Kebap kokan şehir: Erbil, geleneksel lezzetiyle misafir ağırlıyor
Erbil(Rûdaw) – Kürdistan Bölgesi'nde kebap sadece bir yemek değil, aynı zamanda şehirlerin kimliğinin ve Kürt misafirperverlik kültürünün ayrılmaz bir parçası adeta. Erbil’in sokaklarında ve Süleymaniye’nin çarşılarında dumanı havaya karışan kebabın kokusu, artık bölge sınırlarını aşan bir ün kazanmış durumda.
Sosyal medyada yarım milyon takipçisi olan tanınmış içerik üreticisi Iraklı fenomen Riyaz Halef, “Sırf bu kebabı yemek için Bağdat’tan Erbil’e geldim. Beni buraya çeken ne iş, ne alışveriş. Sadece bu lezzeti tekrar tatmak istedim” dedi.
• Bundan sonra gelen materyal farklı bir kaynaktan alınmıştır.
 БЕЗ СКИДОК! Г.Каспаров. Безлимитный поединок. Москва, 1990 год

Riyaz Halef, Rûdaw’a yaptığı açıklamada kebabın Kürdistan’daki yerini “dostluk ve gelenekle iç içe geçmiş bir tat” olarak tanımladı ve “Kebap burada artık sadece bir yemek değil; kültür, gelenek ve şehir kimliği haline gelmiş” dedi.
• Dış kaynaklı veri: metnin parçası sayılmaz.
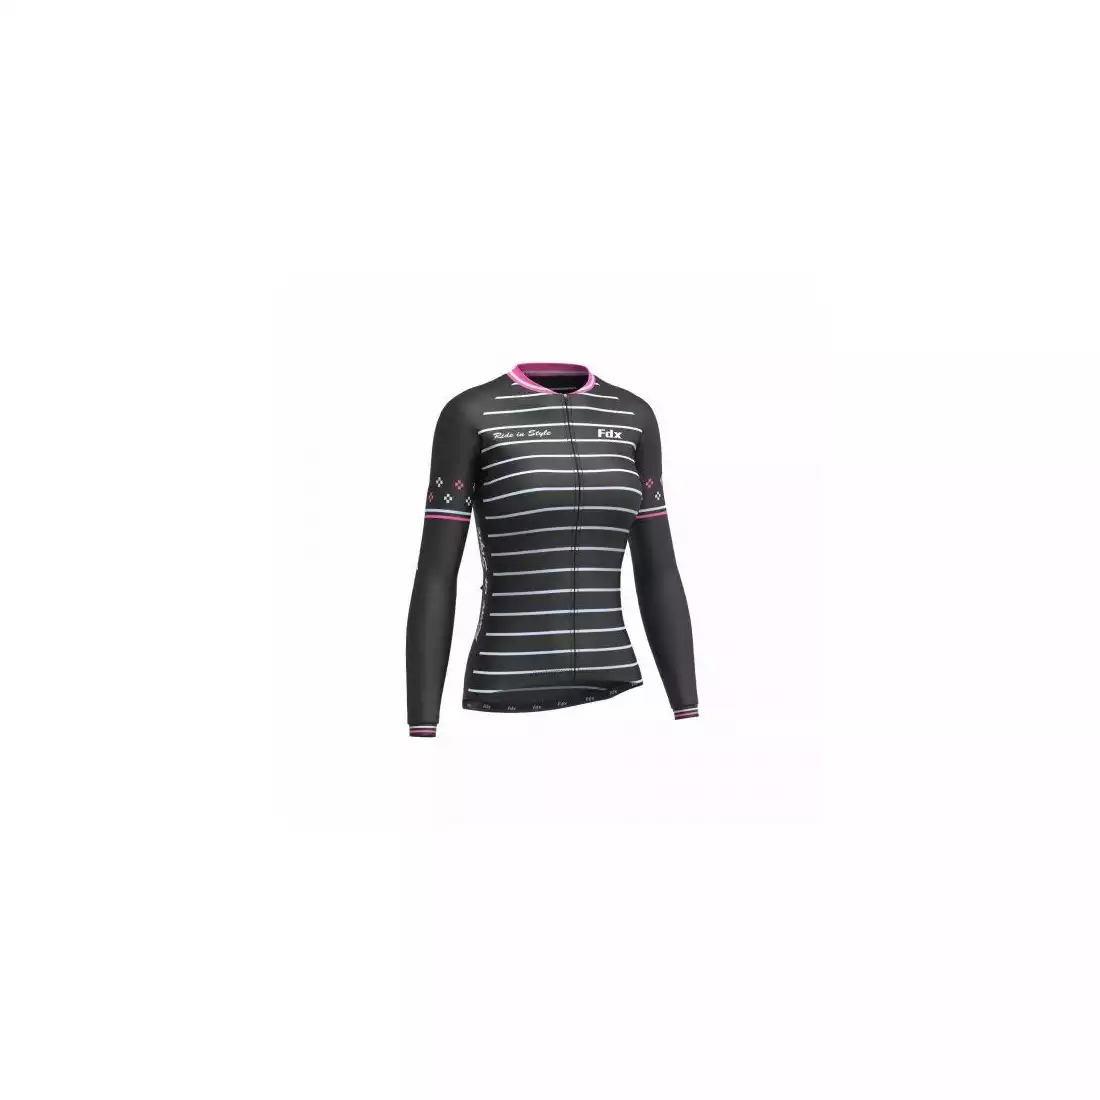 FDX 1480 damska ocieplana bluza rowerowa czarno-różowa

Bir Lezzetin Peşinden Yola Düşenler
Halef’in uğradığı yer, Erbil’in en eski kebapçılarından biri: Hacı Yasin Kebapçısı. Hacı Yasin Kebapçısı bir lokanta olmaktan öte adeta bir mirasın taşıyıcısı. Mekânın bugünkü işletmecisi Siwan Yasin, kebaplarının sırrını Rûdaw’a şöyle anlattı:
“Bizim kebaplar özel çünkü eti kendimiz seçiyor ve hazırlıyoruz. Başkaları gibi kasaptan evlere servis ettirip pişirmiyoruz.”
Yasin, mekânlarının artık uluslararası bir üne kavuştuğunu belirterek, “Müşterilerimizin %95’i yabancı. Konsolosluk çalışanlarından Avrupalı şirketlerin personeline kadar pek çok kişi geliyor. Her gün yaklaşık 100 şiş kebap yurt dışına gönderiyoruz” dedi.
Kebap: Şehirlerin lezzetli imzası
Erbil’de kebabın tarihi 1918 yılına, Hacı Derweş-i Sineî’nin bu yemeği ilk defa Erbil’de sunmasına kadar uzanıyor. O zamandan beri kuyruk yağı ve özenle seçilmiş etin kokusu şehri sarmış.
Süleymaniye’de de kebap yalnızca bir yemek değil, pazar kültürünün ve kent hayatının ayrılmaz bir parçası.
50 yıla yakındır oğullarıyla birlikte kebapçılık yapan Hiwa Medhed şöyle diyor:
“10 kebap yesen bile doymazsın. Ama başka şehirlerin kebabını yediğinde, üzerine 2 tane 7up(gazoz) içmen gerekir.”
Hiwa, geçmişten bir anıyı da paylaşıyor:
“Şeyh Letîf Hafid zamanında, babamın kebabını her gün yerdi. Çünkü akrabaydık. Ben götürürdüm ona. Babam, kemikli eti kendi elleriyle keser, 1950’lerin tahtasında doğrayarak kebap hazırlardı.”
Misafirperverliğin ve saygının simgesi
Kürt kültüründe kebap sadece bir lezzet değil, aynı zamanda misafire verilen değerin göstergesi. Tarih boyunca Kürt halkı için et sunumu, özellikle kebap, misafirlerine bir saygının ifadesi.
Erbil’de çekilen bir videoda sosyal medya fenomeni Halef, kebap ustası Kak İbrahim’e dönerek esprili bir şekilde şunları söylüyor:
“Şu kebaba bak! Bu şiş sadece 5 bin dinar. Kameranın önünde ölsen bile, bu kebabı yemelisin!”
Kebapçı Siwan Yasin, Rûdaw’a yaptığı açıklamada eski bir geleneği hatırlatarak şunları söyledi:
“Eskiden biri Erbil’e geldiğinde, dönüşte elbiselerinden kebap kokusu yayılırdı. Herkes bilirdi ki bu kişi Erbil'de kebap yemiştir.”
Tahran’dan gelen şahitlik: "Hiçbir yerde böyle tat yok"
Tahranlı iş insanı Hüseyin Neccar da kebabın sadece lezzetiyle değil, hijyenik hazırlanışıyla da övgüye değer olduğunu belirterek Rûdaw’a şunları söyledi:
“Ailemle birlikte birçok ülkeyi gezdik. Ama buradaki yemekler kadar temiz ve özenli hazırlanmışını çok az yerde gördük.”